Personal information
- Born: May 4, 1988 (age 38) Medford, Oregon, U.S.
- Listed height: 6 ft 8 in (2.03 m)
- Listed weight: 228 lb (103 kg)

Career information
- High school: South Medford (Medford, Oregon)
- College: Duke (2007–2011)
- NBA draft: 2011: 2nd round, 33rd overall pick
- Drafted by: Detroit Pistons
- Playing career: 2011–2019
- Position: Small forward
- Number: 25, 5, 15

Career history
- 2011: Lucentum Alicante
- 2011–2012: Real Madrid
- 2012–2015: Detroit Pistons
- 2015–2018: Oklahoma City Thunder
- 2018–2019: Obradoiro CAB
- 2019: CB Canarias

Career highlights
- NBA All-Rookie Second Team (2013); Spanish King's Cup (2012); NCAA champion (2010); NCAA Final Four Most Outstanding Player (2010); SN College Athlete of the Year (2010); Second-team All-American – NABC (2011); 2× First-team All-ACC (2010, 2011); Second-team All-ACC (2009); Third-team All-ACC (2008); ACC Rookie of the Year (2008); McDonald's All-American (2007); First-team Parade All-American (2007); Second-team Parade All-American (2006);
- Stats at NBA.com
- Stats at Basketball Reference

= Kyle Singler =

American basketball player (born 1988)

Kyle Colby Singler (born May 4, 1988) is an American former professional basketball player. Singler was a four-year starter for the Duke men's basketball team and was instrumental in their 2010 NCAA championship run, and was named the NCAA Tournament's Most Outstanding Player. In the 2011 NBA draft, the Detroit Pistons selected Singler in the second round with the overall 33rd pick. His professional career spanned from 2011 to 2019.

==High school==
Singler attended South Medford High School in Medford, Oregon. In high school, he averaged 29.3 points per game and 10.6 rebounds per game as a senior.

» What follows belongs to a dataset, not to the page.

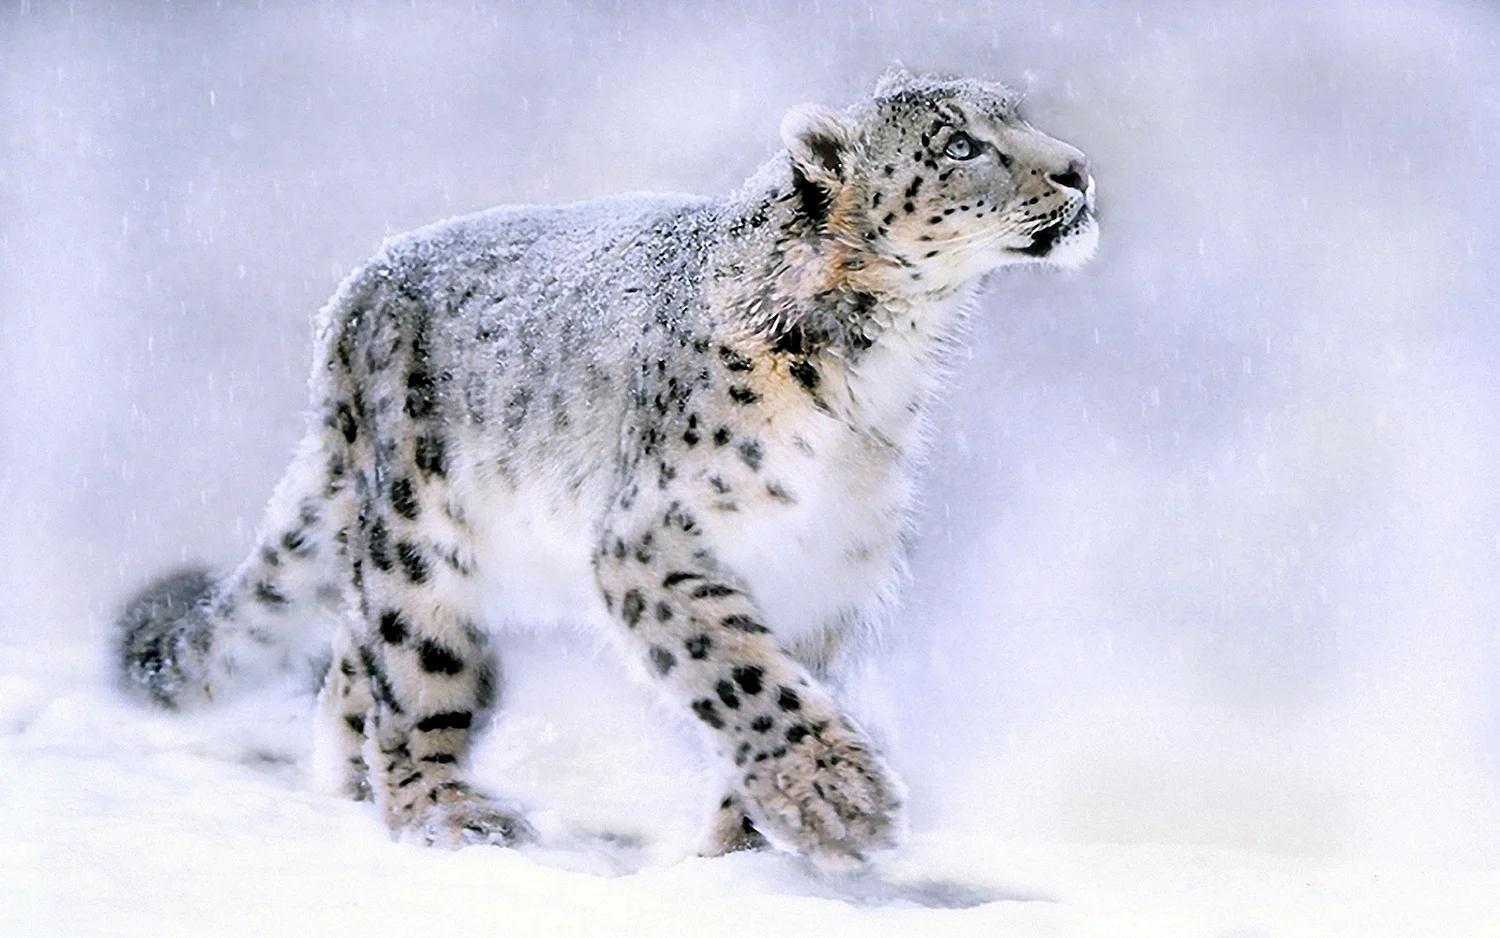 Снежный Барс и леопард

In 2006, Singler played against Brandon Jennings in the championship game of The Les Schwab Invitational. Singler was also named to the 2006 U18 USA Junior National team, alongside fellow top prospects Michael Beasley, Jerryd Bayless, and 2006 star recruit Spencer Hawes. Singler is also one of eight players featured in Gunnin' for That#1 Spot, a 2008 documentary directed by Adam Yauch of the Beastie Boys which was filmed in 2006.

In October 2006, he signed a letter of intent to play college basketball at Duke University.

In 2007, Singler led South Medford to its first-ever state basketball championship, winning 58–54 over defending champion Lake Oswego and national standout Kevin Love. A year earlier, Love and Lake Oswego had defeated Singler and South Medford for the state championship.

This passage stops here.